And, at Step S36, it is investigated whether or not the
characteristic adjustment was carried out to all of the
SCE-emitters of the display panel 301, and if not, it goes on to
Step S37 and a next SCE-emitter is selected, and the switch matrix
control signal Tsw is outputted, and then, it goes on to Step
S22.
At Step S36, when the procedure shown in the flow chart is finished
for all of the emitters, the characteristic adjustment is
completed, and the luminance of all emitters is uniformized.
Thereafter, in order to evaluate the uniformity, the Vdrv voltage
was applied and the luminance of all SCE-emitters was measured. As
a result, the standard deviation/the luminance becomes 3.0%, and
the uniformity with no problem for displaying moving images was
obtained. Also, time which was required for adjusting the
characteristic was one hour.
(Third Embodiment)
FIGS. 13 to 20 show a third embodiment. In the above-described
first and second embodiments, during the second period of the
characteristic adjustment period, application voltage of the pulse
of Vshift was increased and decreased, and the application time of
the pulse of Vshift was increased and decreased. However, in this
embodiment, by determining maximum adjustment shift voltage for
adjusting the emitter, selecting discretely the adjustment shift
voltage value to be applied with several stages, and applying the
same, the characteristic adjustment will be carried out.
Since other structures and operations are the same as in the first
embodiment, the same characters are used for the same structural
portions and descriptions thereof will be omitted.

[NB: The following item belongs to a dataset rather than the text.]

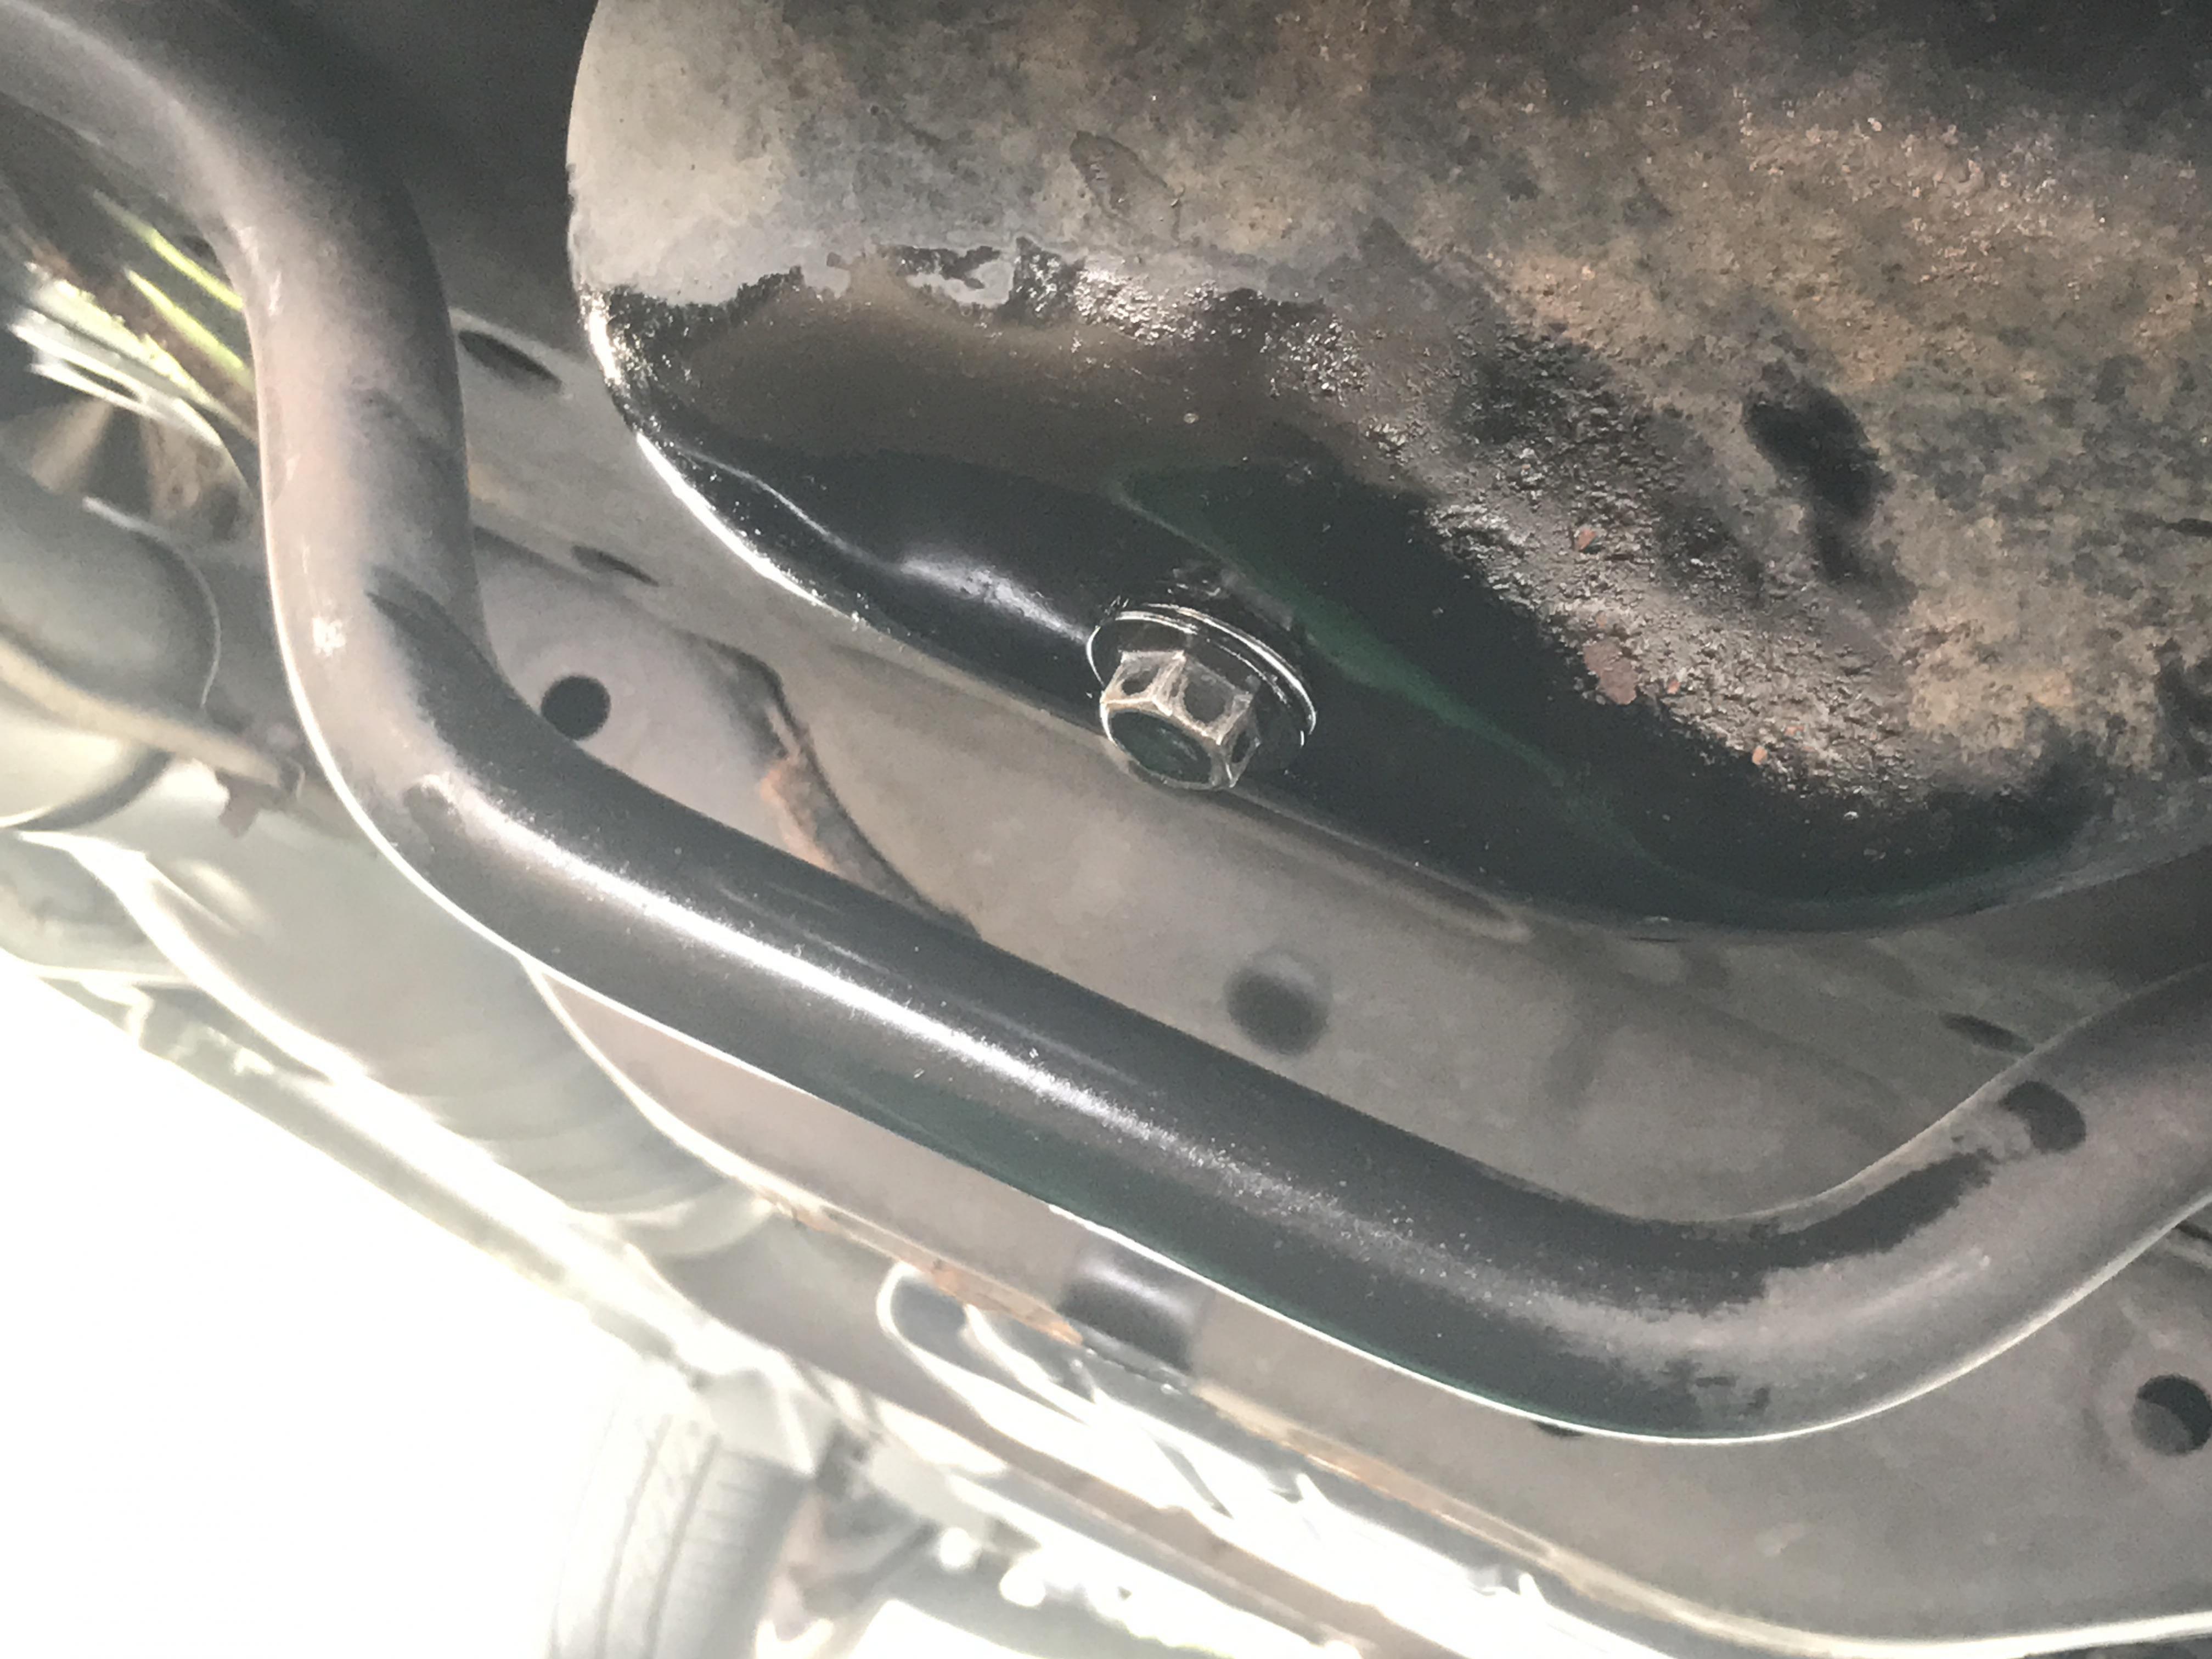 Oil change help? (Crush washer) - Subaru Outback - Subaru Outback Forums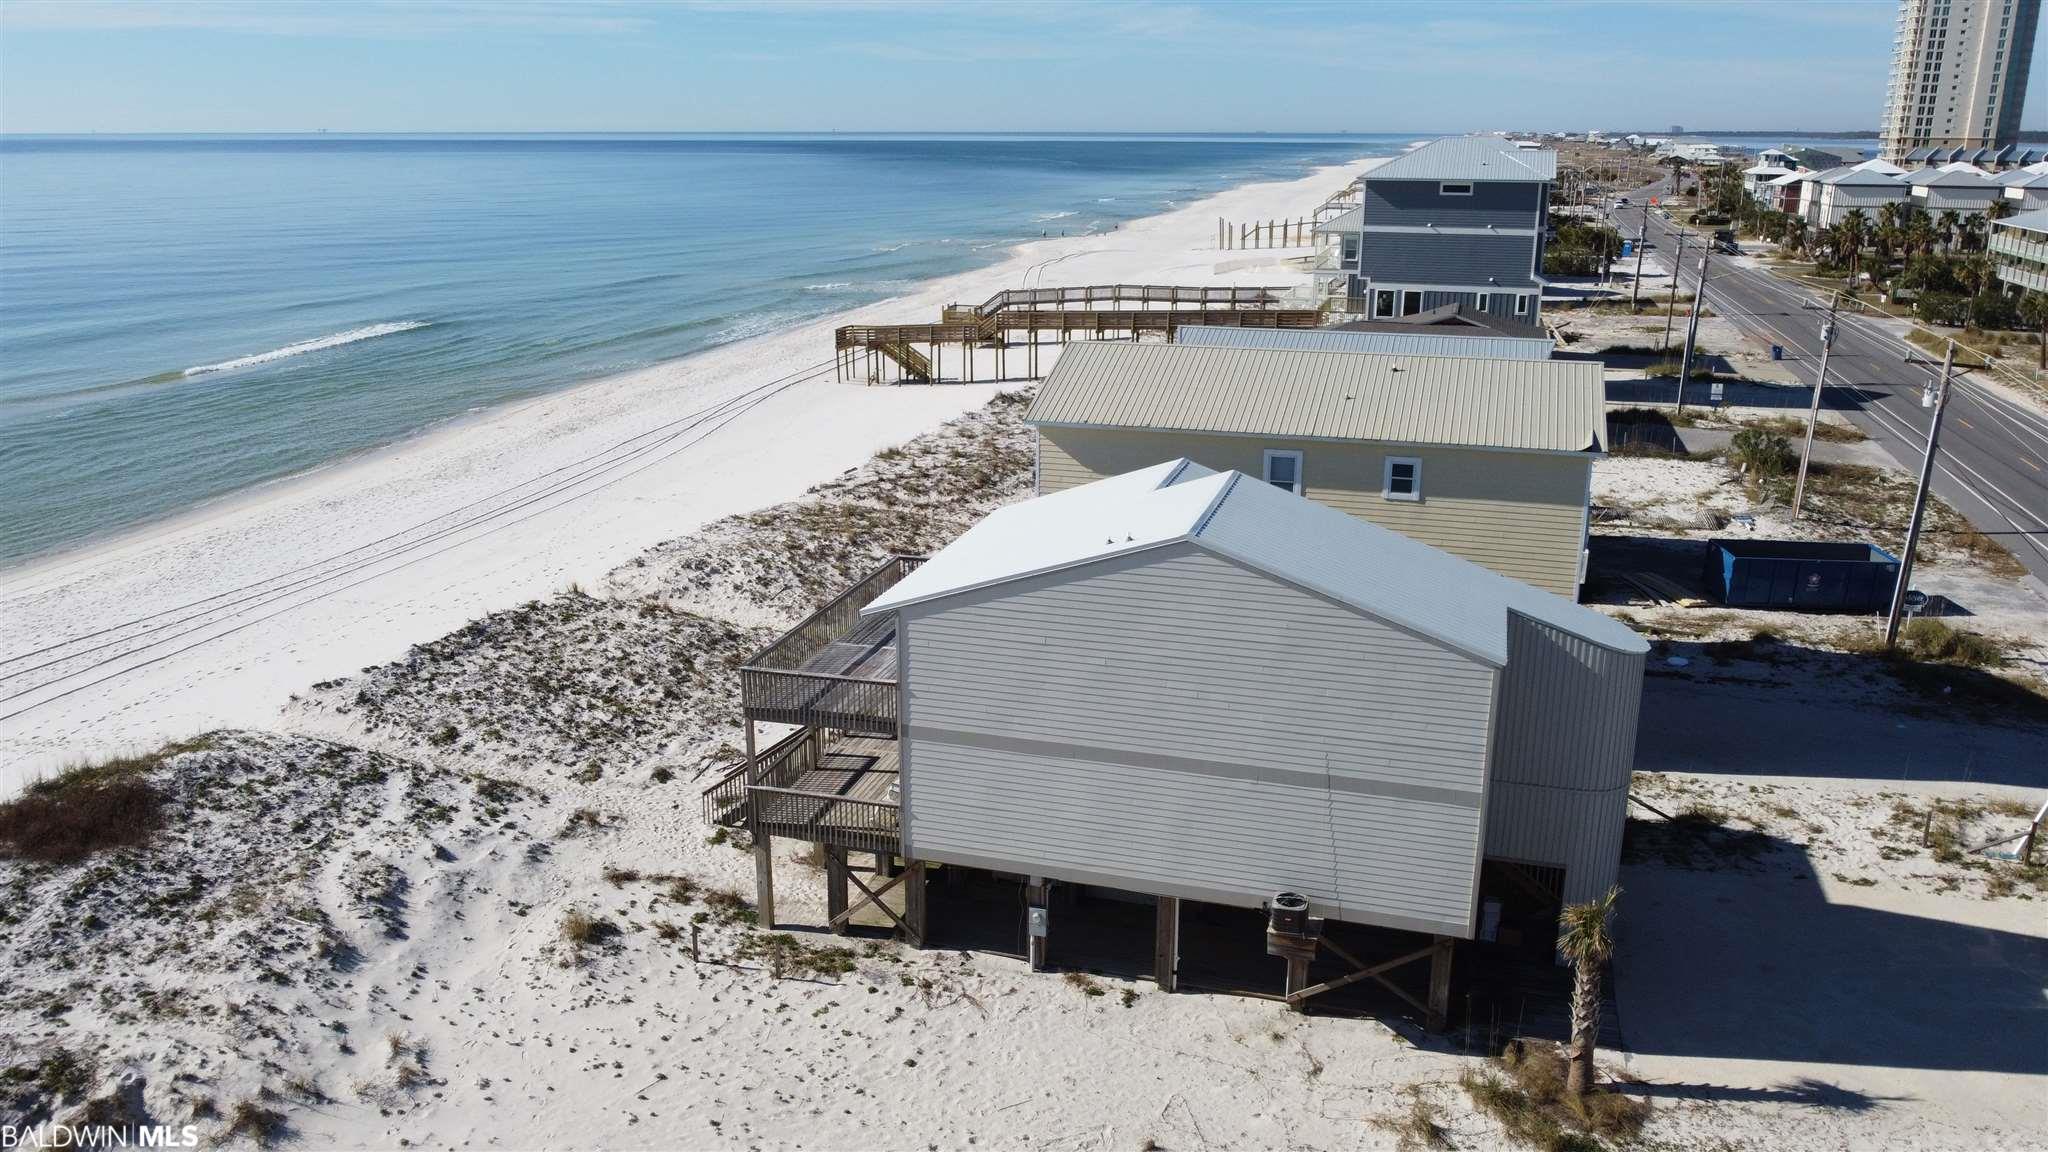 1869 W Beach Blvd, Gulf Shores, AL 36542

FIG. 13 is a graph showing voltage wave forms of the preliminary
drive and characteristic shift voltage signals which were applied
to one SCE-emitter, focusing attention on one of the SCE-emitters
constituting the multiple electron source, and a horizontal axis
represents time and a vertical axis represents the voltage which
was applied to the SCE-emitter (hereinafter, represented by emitter
voltage Vf).
Here, as the drive signal, a continuous rectangular voltage pulse
as shown in FIG. 13A is used, and a period of applying a voltage
pulse of the characteristic adjustment period is divided into three
of a first period to a third period, and in each period, 1 to 10
pulses are applied. Depending upon the emitter, the amplitude of
the applied pulse differs.
FIG. 13B shows in an enlarged manner a part of the voltage pulse
wave forms of FIG. 13A.
As concrete drive conditions, the pulse width of the drive signal
is set to be of T1=1 msec, and a pulse cycle is set to be of T2=10
msec.
In addition, in order that rising time Tr and falling time Tf of
the voltage pulse which is effectively applied to the SCE-emitter
become equal to or less than 100 ns, the emitter is driven by
sufficiently reducing impedance of wiring paths from the drive
signal source to the SCE-emitter.
Here, the emitter voltage Vf is set to be of Vr=Vpre during the
preliminary drive peirod, and to be of Vf=Vdrv in the first and
third periods of the characteristic adjustment period, and to be of
Vf=Vshift in the second period.
These emitter voltages Vpre, Vdrv, and Vshift are all voltages
which are larger than the electron emission threshold voltage of
the SCE-emitter, and are set to satisfy a condition of
Vdrv<Vpre.ltoreq.Vshift.
In FIG. 13A, details of respective periods of the characteristic
adjustment period will be described.
Since the first and third periods are the same as those of the
above-described first embodiment, descriptions thereof will be
omitted.
(Second Period Characteristic Shift Voltage Application Period)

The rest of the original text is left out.